Approximately 90% of biopsies performed on thyroid nodules have benign findings. Deep learning may help many of these patients avoid unnecessary procedures, according to a research team from the Mayo Clinic in Rochester, MN, and Arizona State University (ASU) in Tempe, AZ.
After training a deep-learning algorithm to differentiate thyroid nodules using texture measurements on B-mode ultrasound images, the researchers found that it could obviate the need for nearly half of these biopsies -- without sacrificing sensitivity.
"This preliminary study demonstrated that the number of [fine-needle aspiration] biopsies may be reduced by 45% without missing any patients with malignant thyroid nodules," said Zeynettin Akkus, PhD, from the Mayo Clinic. He presented the findings on behalf of co-author Zongwei Zhou of ASU at the recent Society for Imaging Informatics in Medicine's Conference on Machine Intelligence in Medical Imaging (C-MIMI 2017) in Baltimore.
Low malignancy rate
Thyroid nodules are one of the most common nodular lesions and are present in about half of the adult population. The vast majority of these are benign, however. Ultrasound is an important diagnostic tool for assessing thyroid nodules, and sonographic features may be used to determine the need for fine-needle aspiration (FNA) biopsy, Akkus said. Studies have shown, though, that the overall incidence of cancer in patients with thyroid nodules selected for FNA is approximately 10%.
"Therefore, there is a clinical need for a dramatic reduction of these fine-needle aspiration biopsies," Akkus said.
The Mayo Clinic and ASU research team performed a feasibility study to explore whether a deep-learning network based on ultrasound image features could differentiate benign from malignant nodules and reduce the number of FNA biopsies.
"There are some suspicious features on ultrasound that can kind of help [clinicians decide] to send a patient for a biopsy," he said. "And we are trying to predict this from the ultrasound images using deep learning."
Training the algorithm
The research team gathered 174 thyroid nodules that had exact matches between the ultrasound images and FNA biopsies. Of these 174 thyroid nodules, 119 were benign and 55 were malignant.
The dataset used to train the deep-learning algorithms consisted of 100 benign cases and 50 malignant cases; the remaining 19 benign and five malignant cases were set aside to serve as the testing dataset. Given the limited size of the training dataset, the researchers used data augmentation to artificially increase the number of cases available for training the algorithms. These augmentation methods -- including rotation, horizontal and vertical shifts, zooming, and vertical and horizontal flipping of the images -- expanded the size of the training dataset to 1,500 benign cases and 1,500 malignant cases, Akkus said.
For this project, the researchers used a deep-learning architecture based on residual networks (ResNets) that were adapted to meet their classification needs, he said. Fivefold cross-validation was used during the training stage for the networks.
Texture analysis
After trying a number of approaches, the team found that the best-performing algorithm was a ResNet that utilized a "random-forest" classifier trained using nodule texture analysis data called Law's texture energy measurements. These measurements can be computed from 2D ultrasound images to help determine the malignancy of a thyroid nodule, Akkus said.
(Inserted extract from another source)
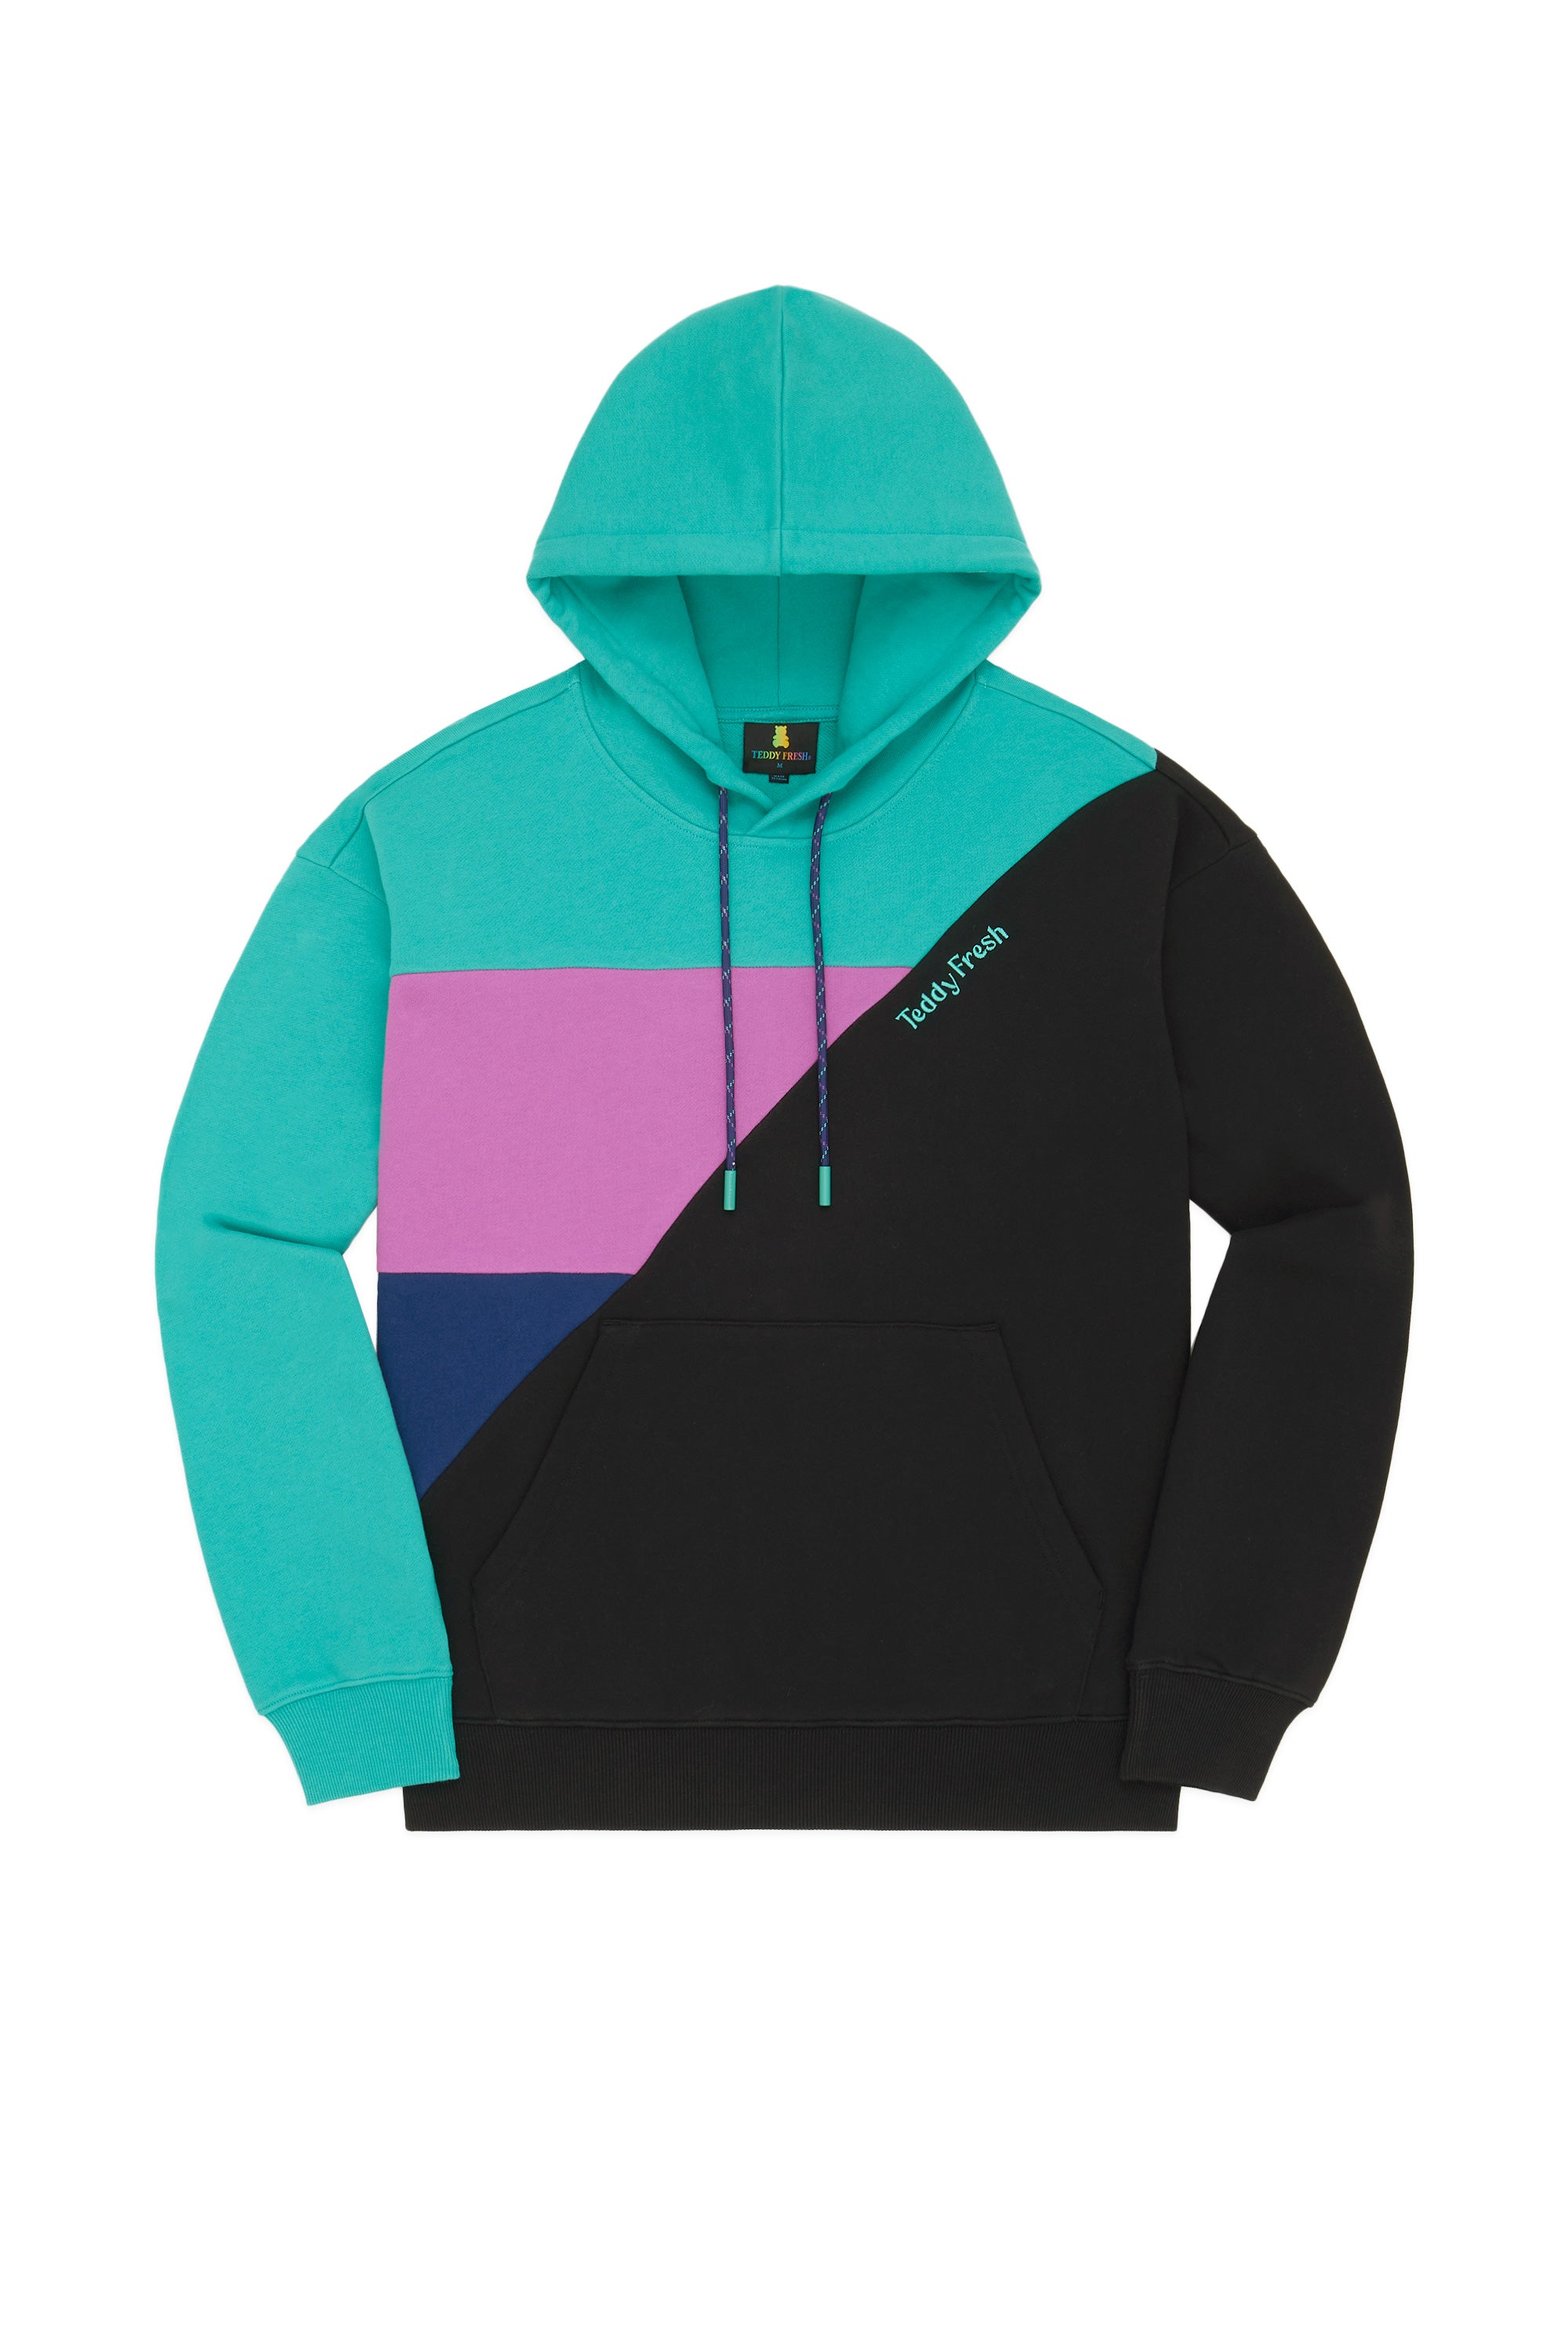 Teddy Fresh - We made this hoodie in collaboration with

Operating at a 100% sensitivity rate for malignant nodules, the ResNet with the trained random-forest classifier could decrease the number of FNA biopsies performed on indeterminate thyroid nodules by 45%, according to the researchers. The receiver operating characteristic (ROC) analysis also found that the ResNet's optimal operating point would yield 82.3% sensitivity, 76.2% specificity, and an area under the curve of 0.72362.
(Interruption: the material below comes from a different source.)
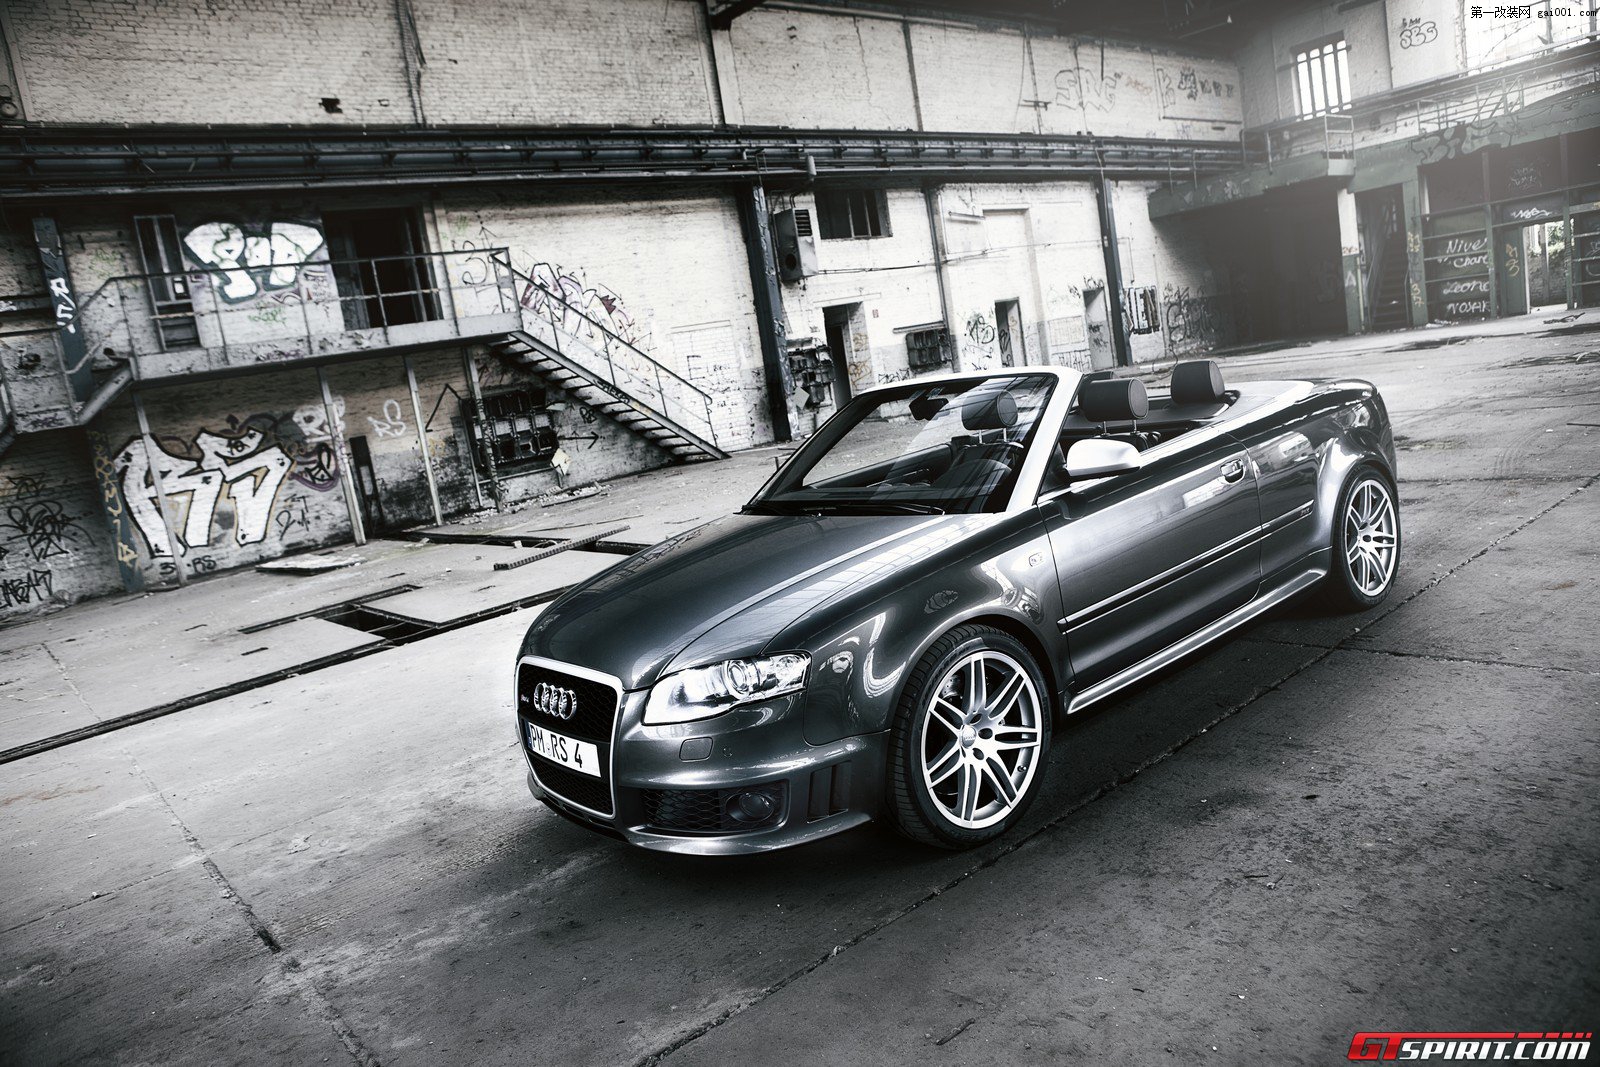 audi-rs4-convertible-with-mtm-exhaust-system-006.jpg

Akkus said he anticipates that this performance could be improved further with the inclusion of more training data.
"So we are getting more data and hopefully we can increase the [size of the] dataset to thousands of images, and hopefully we are going to have better prediction power," he said. "In future work, we also expect to include Doppler images and possibly shear-wave elastography images. Then we will have multimodality information that could improve the prediction power of this classification."